Tom Osborne, Devaney's successor as head coach, ended the practice of redistributing Blackshirts, instead presenting them to starters before the season's first game. Subsequent coaches have adjusted the tradition – Bill Callahan also included key reserve players, while Bo Pelini did not award Blackshirts until midseason. Some special teams players have been given an honorary Blackshirt.

Two decades after the tradition began, screen printer Tim Riley created a logo depicting a skull and crossbones wearing a helmet. It debuted on a banner at Memorial Stadium in 1985, accompanied by a stencil-font "Blackshirts." Riley trademarked the logo and later sold its rights to the University of Nebraska–Lincoln. An updated version was created in 2022. In 1996, lineman Jason Peter began crossing his forearms in an "X" to celebrate big plays. This was termed "throwing the bones" and is often replicated by defenders and fans.

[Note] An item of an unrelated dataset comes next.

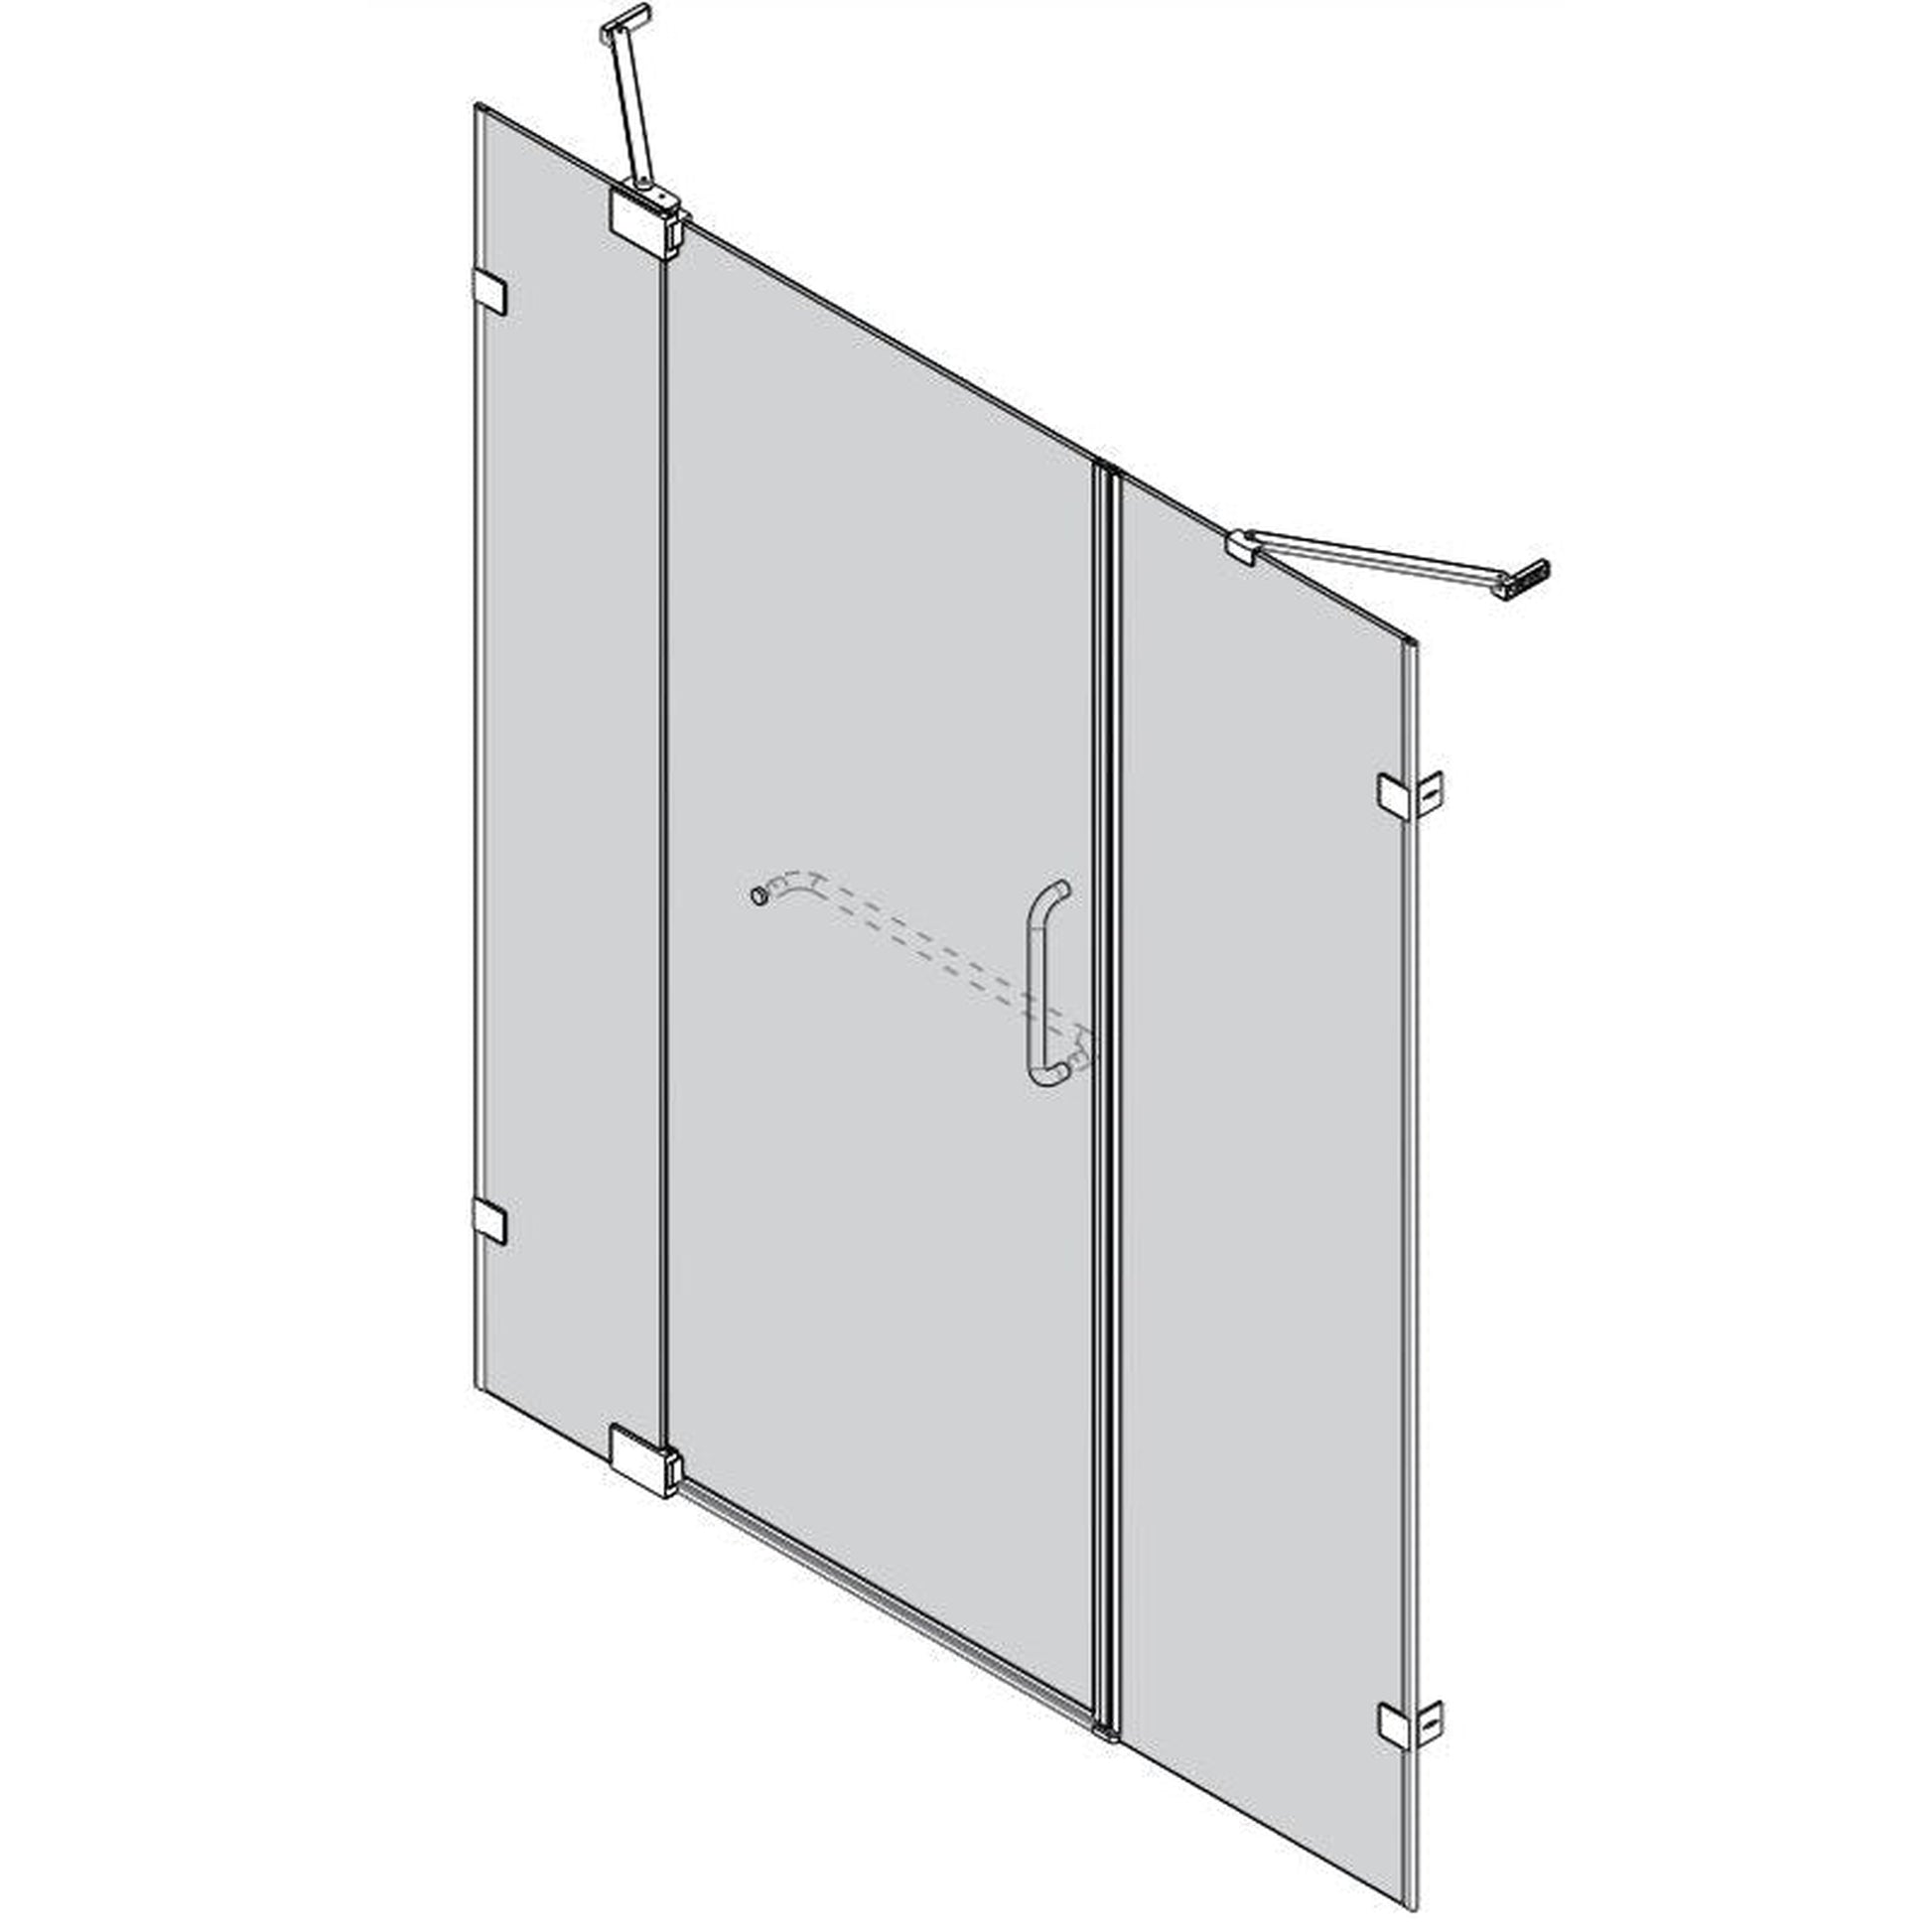 Vinnova Milano 48" x 72" Polished Chrome In-line Hinged Frameless Shower Door With Fixed Glass on Both Sides

Nebraska wore Blackshirt-themed alternate uniforms in 2019 and 2020.

===Suspensions===
The use of Blackshirts has been suspended several times since Osborne's retirement, usually after poor defensive performances. In 2007, captain Zack Bowman led a player movement to forfeit Blackshirts in the midst of a season in which NU was one of the country's worst defensive teams; they were restored in October of the following season.

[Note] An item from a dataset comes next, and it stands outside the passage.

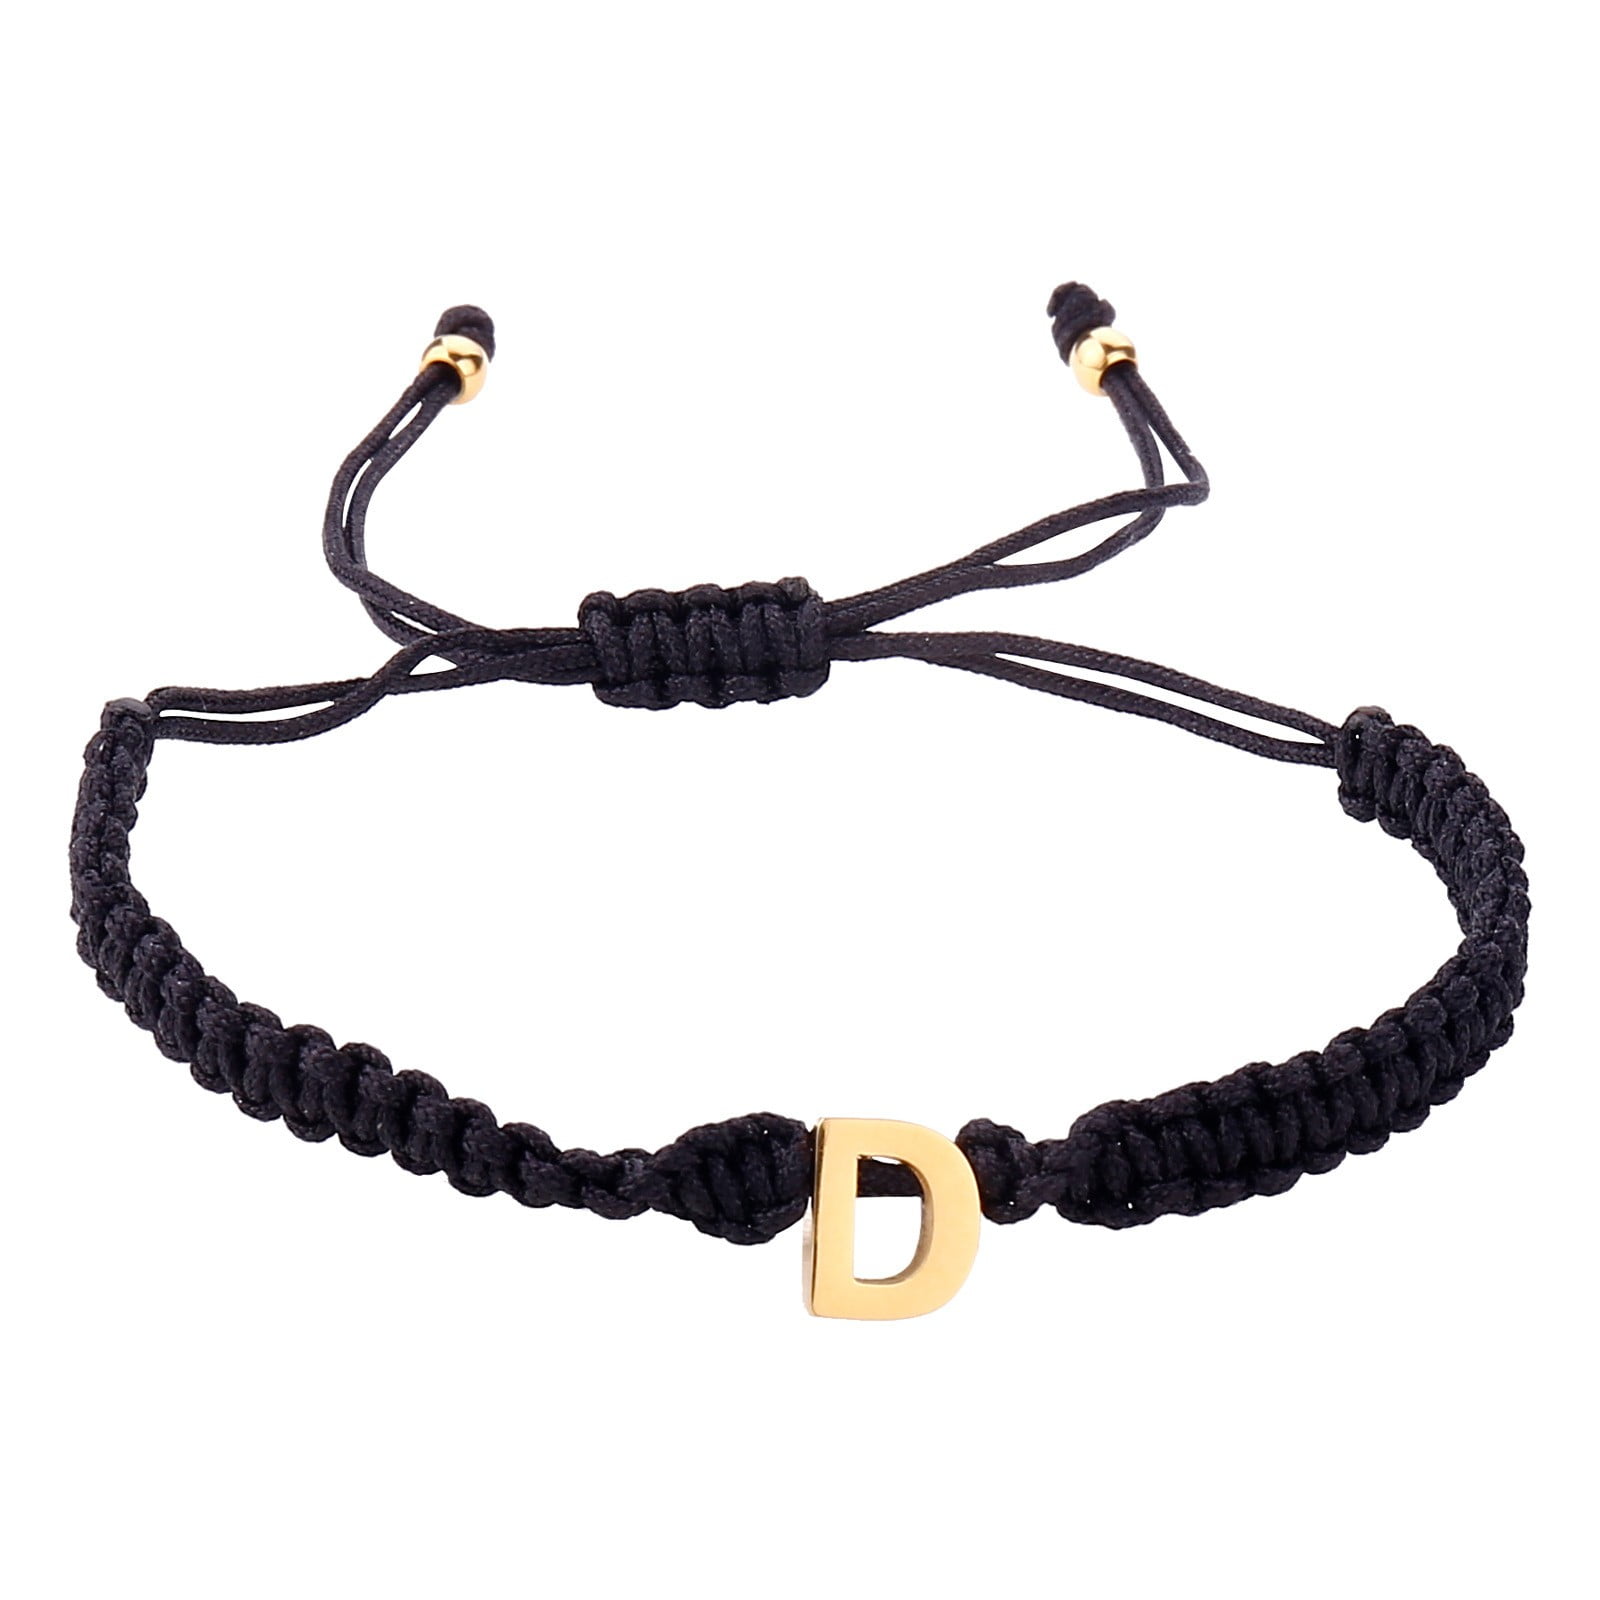 Personalized 26 Initial Bracelet Gold Plated Letter Black Woven Bracelet  Charm Bracelet Woven Bracelet For Men Women Girls Jr1487 Teen Watches for

Blackshirts were suspended after a loss to Minnesota in 2013, and following the firing of Scott Frost in 2022.

==Other uses==
Nebraska's football student section at Memorial Stadium is named the "Boneyard."

Players from Nebraska's volleyball team are referred to as the "Blackshorts."

McCook brewery Loop Brewing Company brews a black india pale ale called the "Blackshirt IPA."